ENVIRONMENT

Sowing seeds to bust dust

BHP has engaged the services of Indigenous-owned business’ Yurra and IBN Services in Port Hedland to get the right plant mixes for planned vegetation barriers that will hopefully capture dust and improve air quality in the town’s dusty West End.

 Image supplied by BHP

Image supplied by BHP

As part of the scope of BHP's Pilbara air quality program the miner is working with Curtin University and Greening Australia to establish a dust barrier between its operations and the community in and around Port Hedland, after years of dust emissions from stockpiles at Nelson Point.

Concerns about the dust's impact on public health were first raised by Western Australia's Environmental Protection Authority in 2009.

A dust management taskforce was set up by Colin Barnett's Liberal government which concluded seven years later that there was sufficient evidence of negative effects on human health from dust to warrant action.

In 2018 the WA government handed control of dust monitoring to the Department of Water and Environmental Regulation.

Two years later the government approved a $200 million industry-funded voluntary buyback scheme for homes in the West End.

BHP promised to spend $300 million over five years to minimise dust emissions.

That includes $130 million to build a 2km long, 30m high fence upwind of the ore stockpiles at the loading facilities on Finucane Island and Nelson Point to reduce the wind speed going across the top of the ore stockpiles, so dust does not blow into town.

Phase one of the Pilbara air quality program involved planting about 80,000 seedlings specifically selected by IBN.

Another 80,000 seedlings are planned in phase 2, which is scheduled to begin in the coming months.

BHP hopes that as the plants grow and develop, they will create a natural dust barrier between its operations and the community.

IBN Services manager Evelyn Kroczek said it was an important contract for the business.

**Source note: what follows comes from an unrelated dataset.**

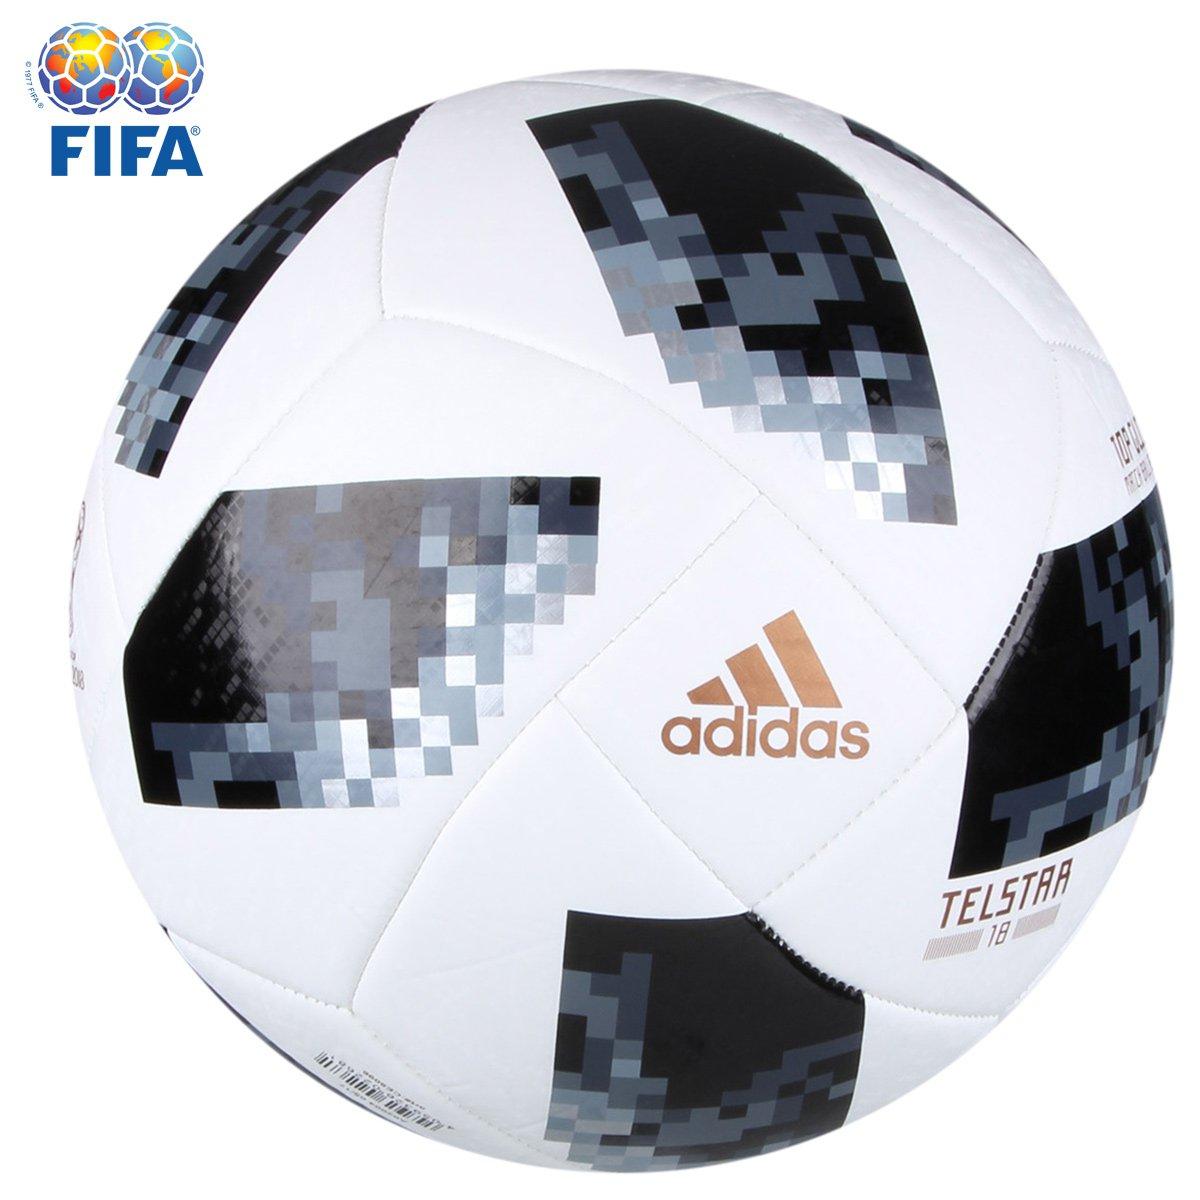 8d56863919 Bola Futebol Campo Adidas Telstar 18 Top Glider Copa do Mundo FIFA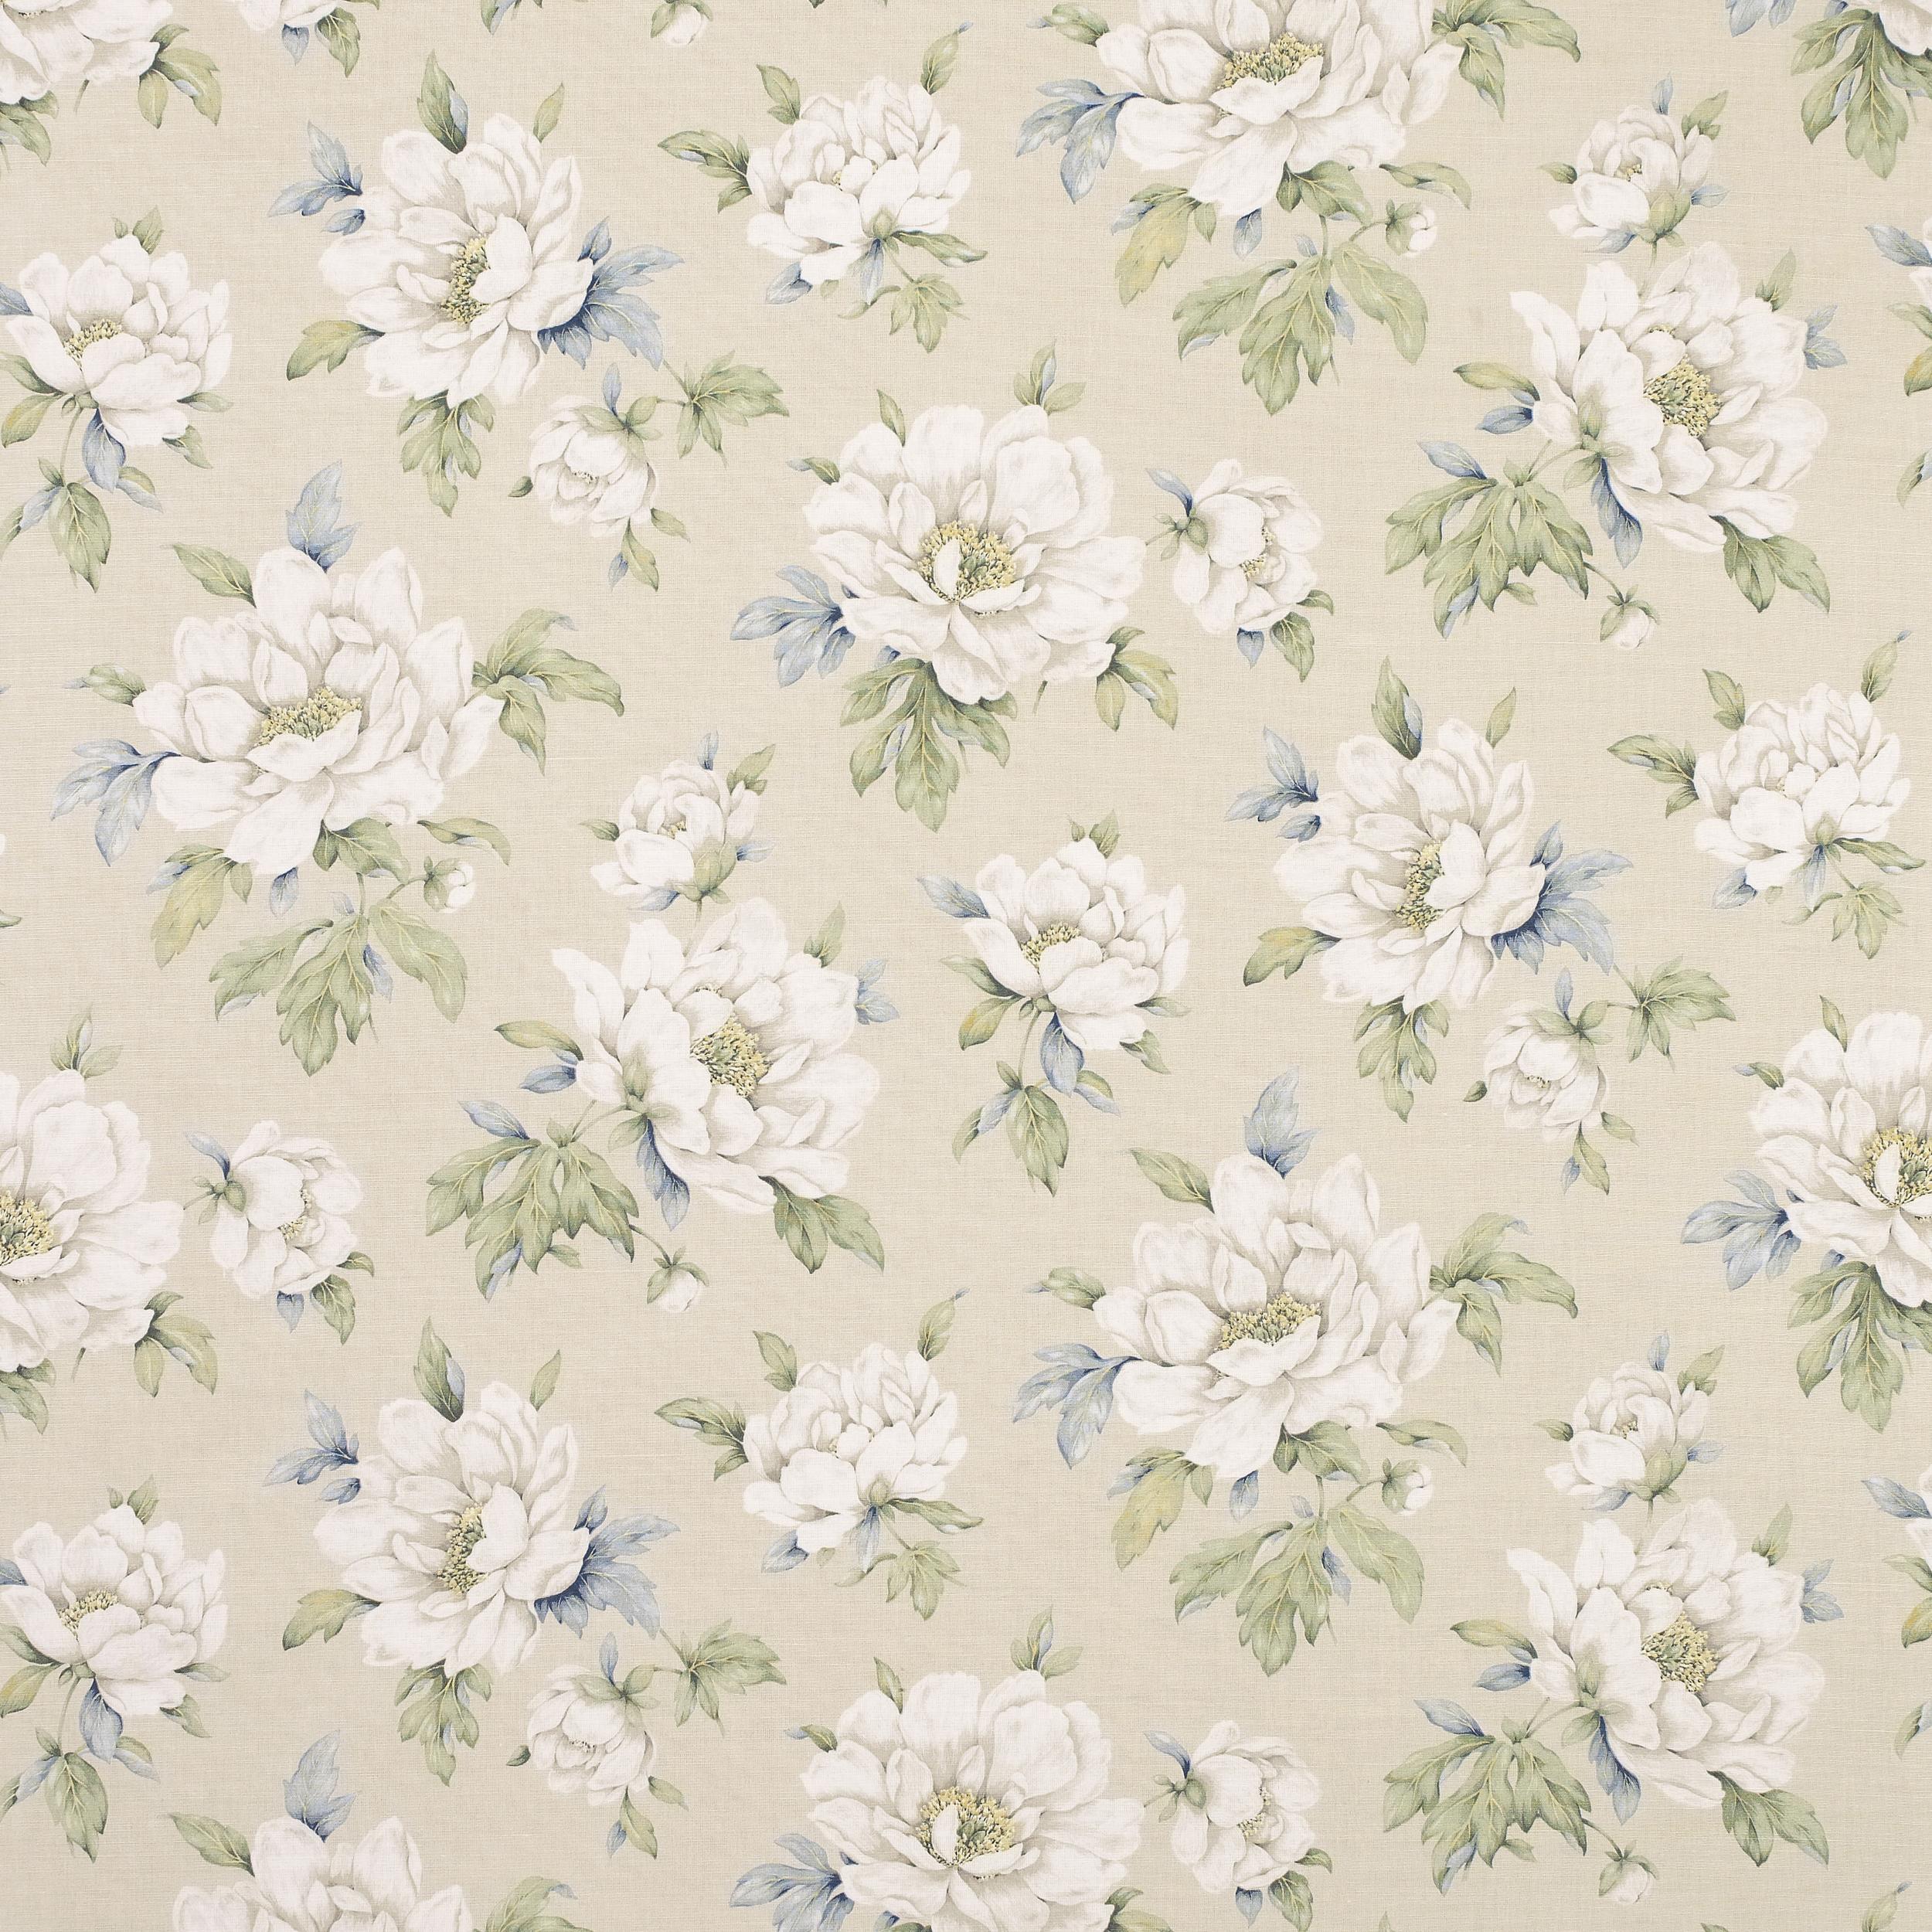 [47+] Large Floral Print Wallpaper on WallpaperSafari

"We're very involved with the land and the country and we want to help look after it," she said.

Yurra has been contracted to manage ground works.

Yurra manager Justin Bryne said the company was working with Greening Australia to formulate the design and look at the plant mixes.

"We chose what we thought would grow well," he said

"We're also providing the local supervision as well as the project management."